The Tsinandali programme, which lasts from 2-11 September, will feature performances by many of the musical stars from Verbier, but guests at the festival will have ample opportunity to savour the unique tourist pleasures this country has to offer. Climate-wise, it spans hot deserts and mountains which are snowbound for half the year; its Turkish-influenced gastronomy is addictive, and the choral singing in its many historic churches is Georgian polyphony in its purest form.
Meanwhile, the war in Ukraine has even touched Verbier, in that the Russian conductor Valery Gergiev, long one of the festival’s leading deities, has had to be fired. His provocative support for Putin over many years has made him a pariah in the world of classical music, and his presence on the rostrum – usually guaranteed to sell tickets – would now be guaranteed to empty the auditorium.
The attractions of this festival, running from 15-31 July, go far beyond the fact that it offers close-up performances by Evgeny Kissin, Martha Argerich, and Yuja Wang, the three most sought-after pianists in the world. As these events take place in a tent, it’s always possible that a summer storm may interrupt business, but that’s just part of the fun.
Engstroem’s vision went way beyond the usual “preserve of the rich” festival stereotype (though there are now a lot of very rich people in Verbier). He induces his stars to take artistic risks, using Verbier as a laboratory rather than a mere showcase. He has decreed that masterclasses should take place in venues around town from dawn ’til dusk, and that these should be open to all, free of charge.

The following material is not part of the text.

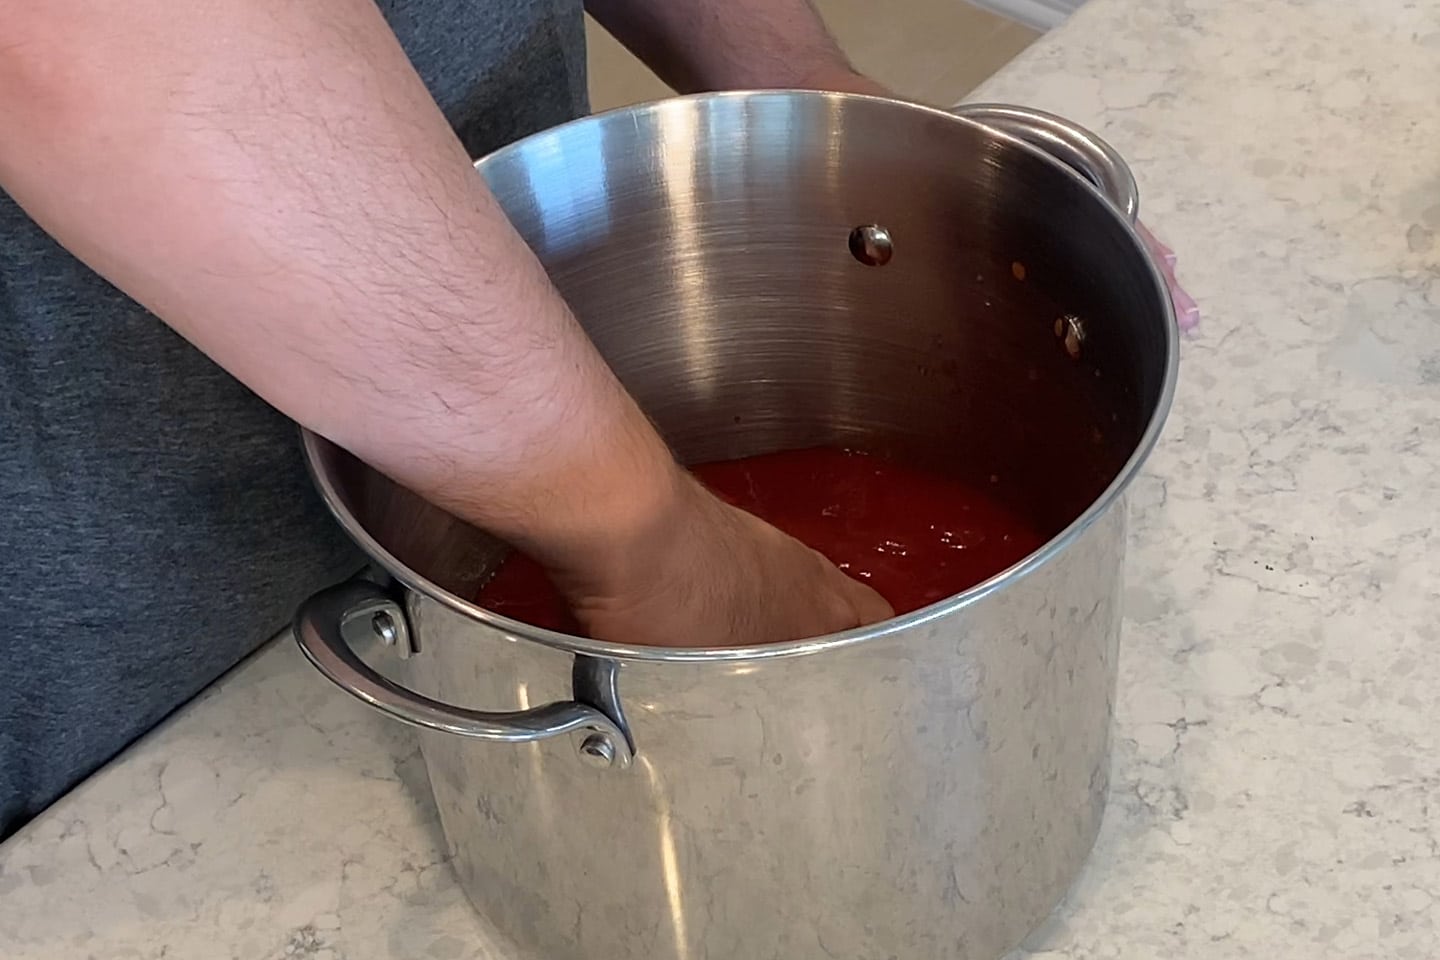 crushing the tomatoes

He’s invited jazz groups to serenade the public in the central square each afternoon.
Over the years, the festival has also acquired a plethora of events going under the title “Unlimited”, which means whatever the performers want it to mean. This year the nicest of these sounds to be the “musical guided walks” on which the participants will be serenaded by young musicians at selected points along their mountain path. Other Unlimited curiosities include cabaret concerts and un-programmed “surprise” appearances by normally reclusive stars (perhaps Kissin? Argerich? Wang?).

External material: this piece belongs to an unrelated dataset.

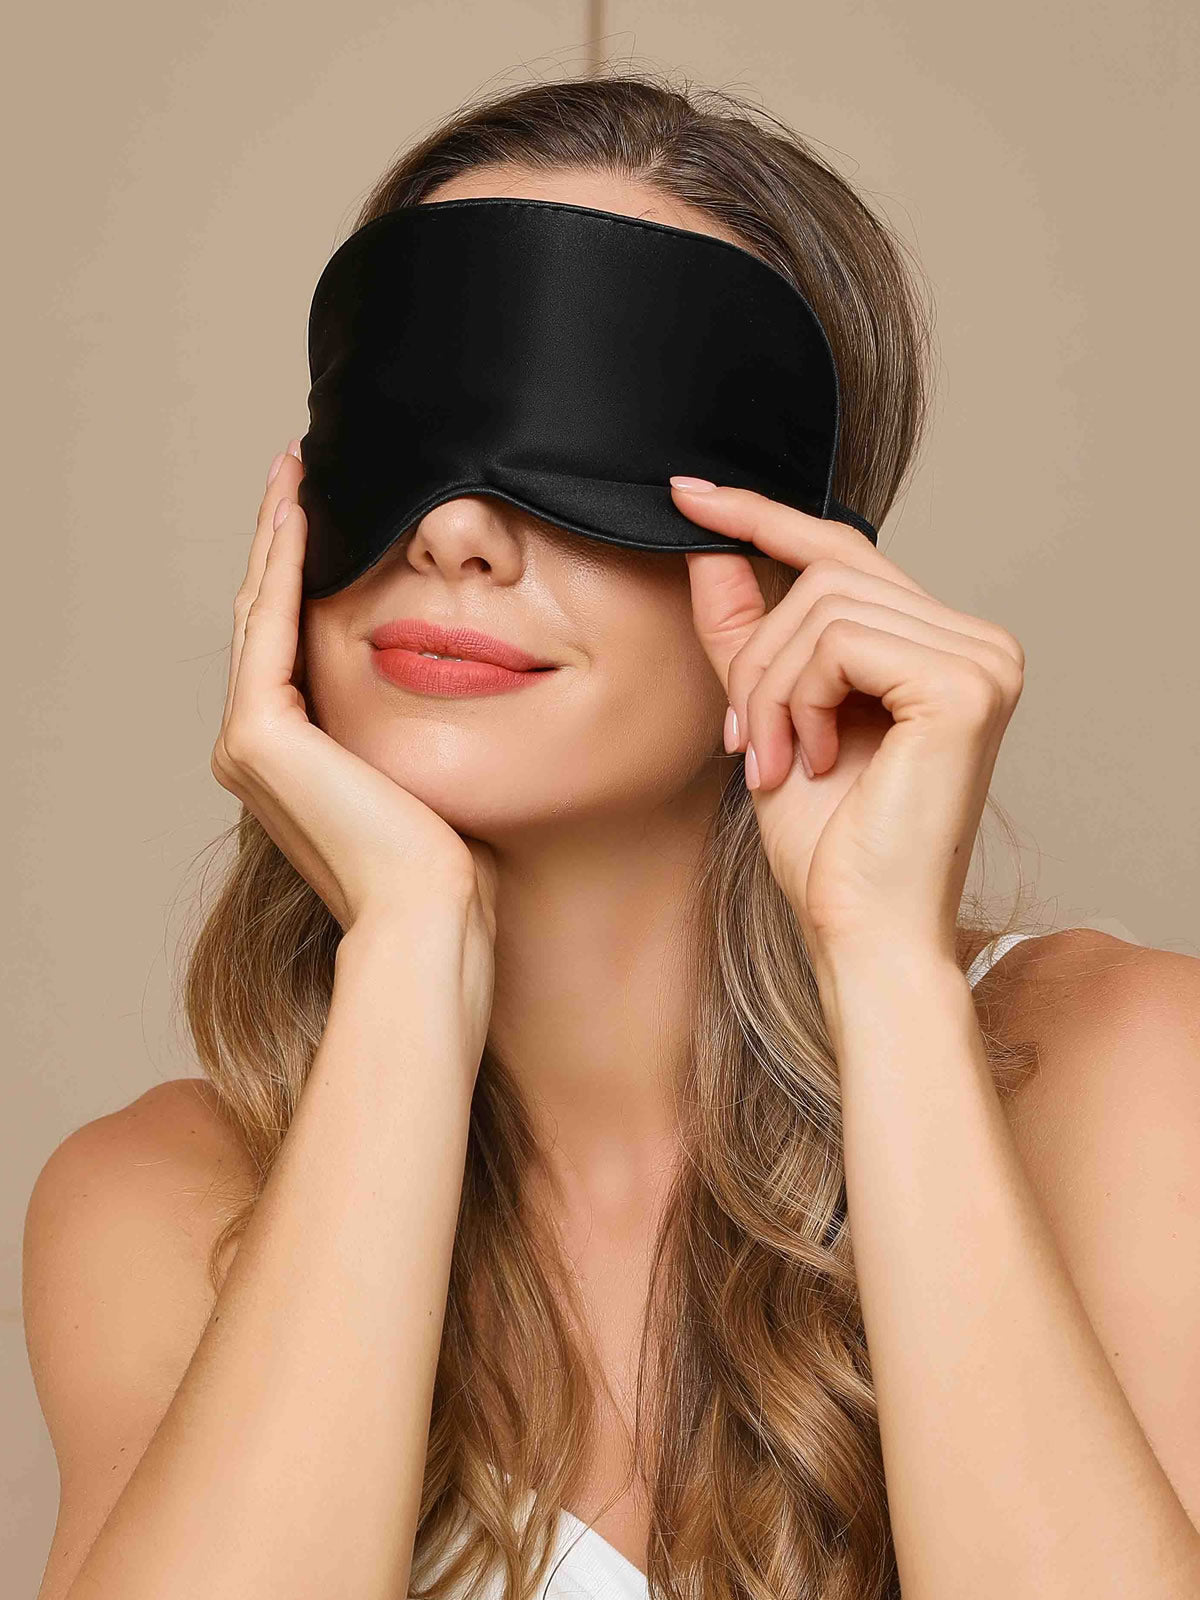 Silksilky Real Silk Sleeping Mask Comfortable Sleep Masks for Eyes

The normal festival pattern is for the global stars to jet in one day and out the next, with security guards keeping the public from any contact with performers. Engstroem insists on the reverse, with players and listeners mingling in an informal commune. And he stresses the fact that while there are four ticketed events per day, there are dozens which are free: last year, he says, 15,000 people came to the festival without buying tickets.

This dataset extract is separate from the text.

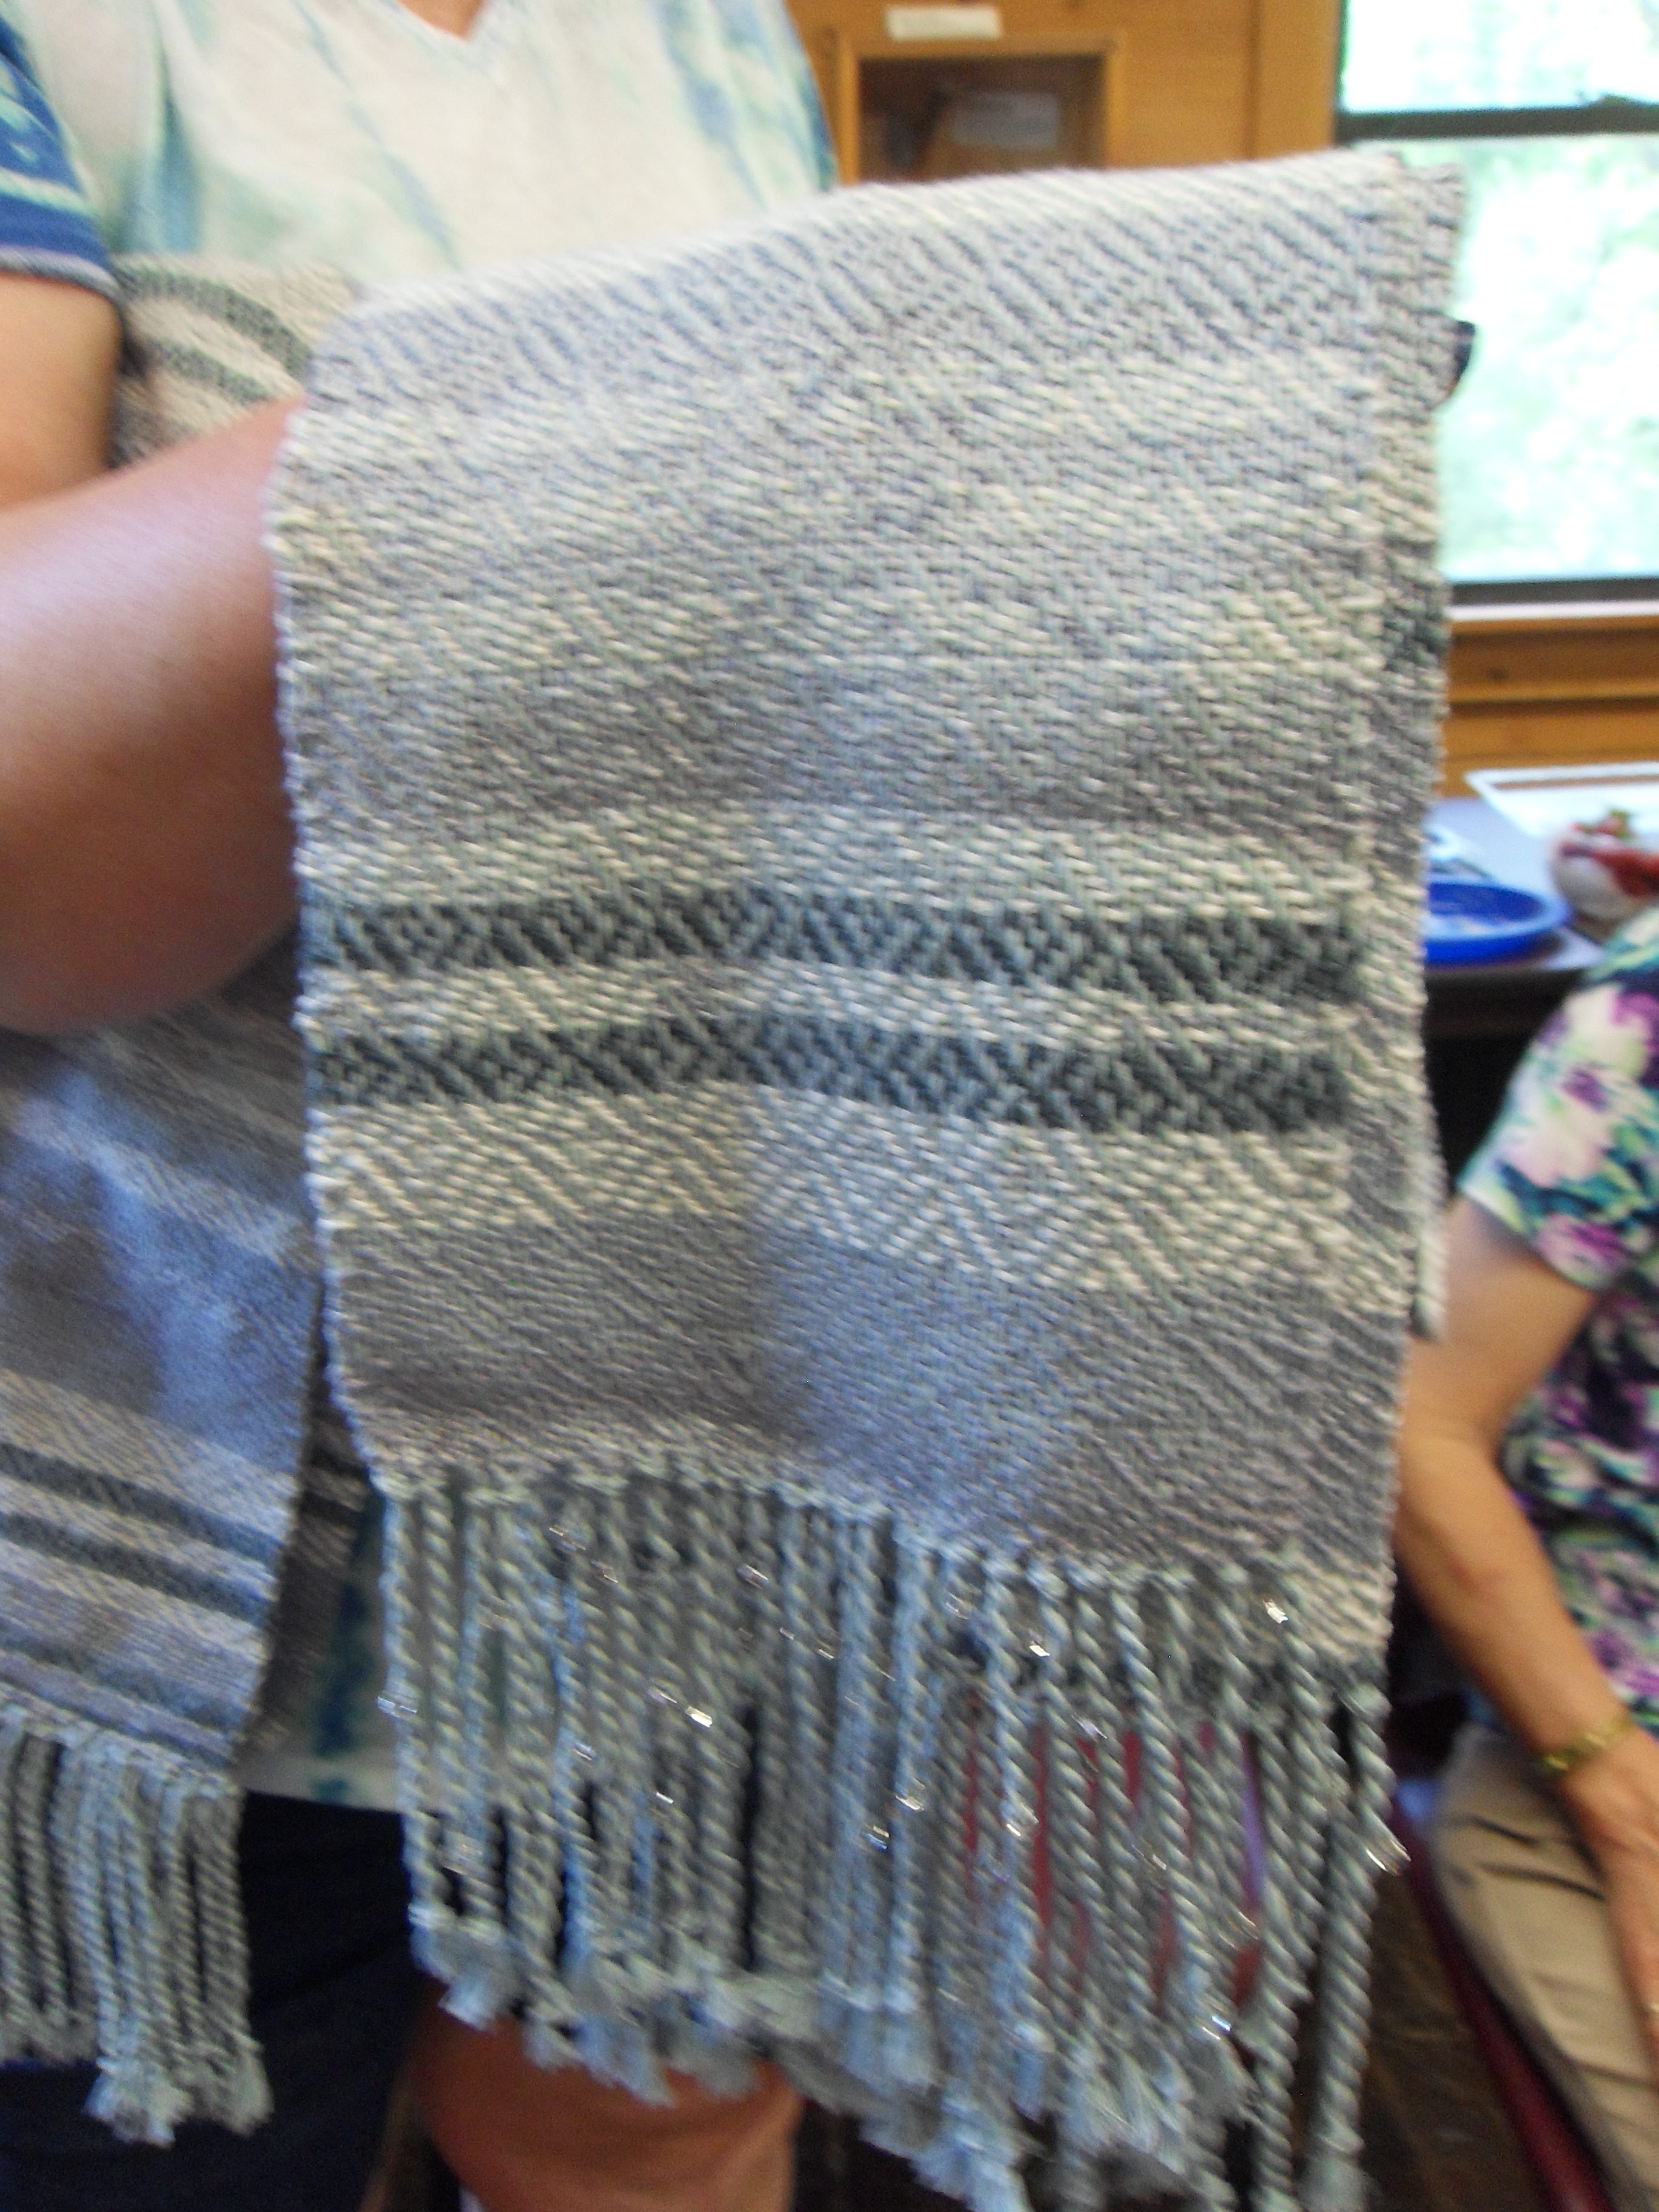 Nancy Parris' weaving

“I was always looking for another name for the ‘festival’, because that word is so misused,” he says. “Something that implied a happening, an atmosphere. Something that implied the pilgrimage you have to make to get here, because it’s not a through-town. It’s at the end of the road, and it takes a big effort to get here. But once you arrive, you really are in a different world.” And that’s exactly how it feels, here on the top of the mountain.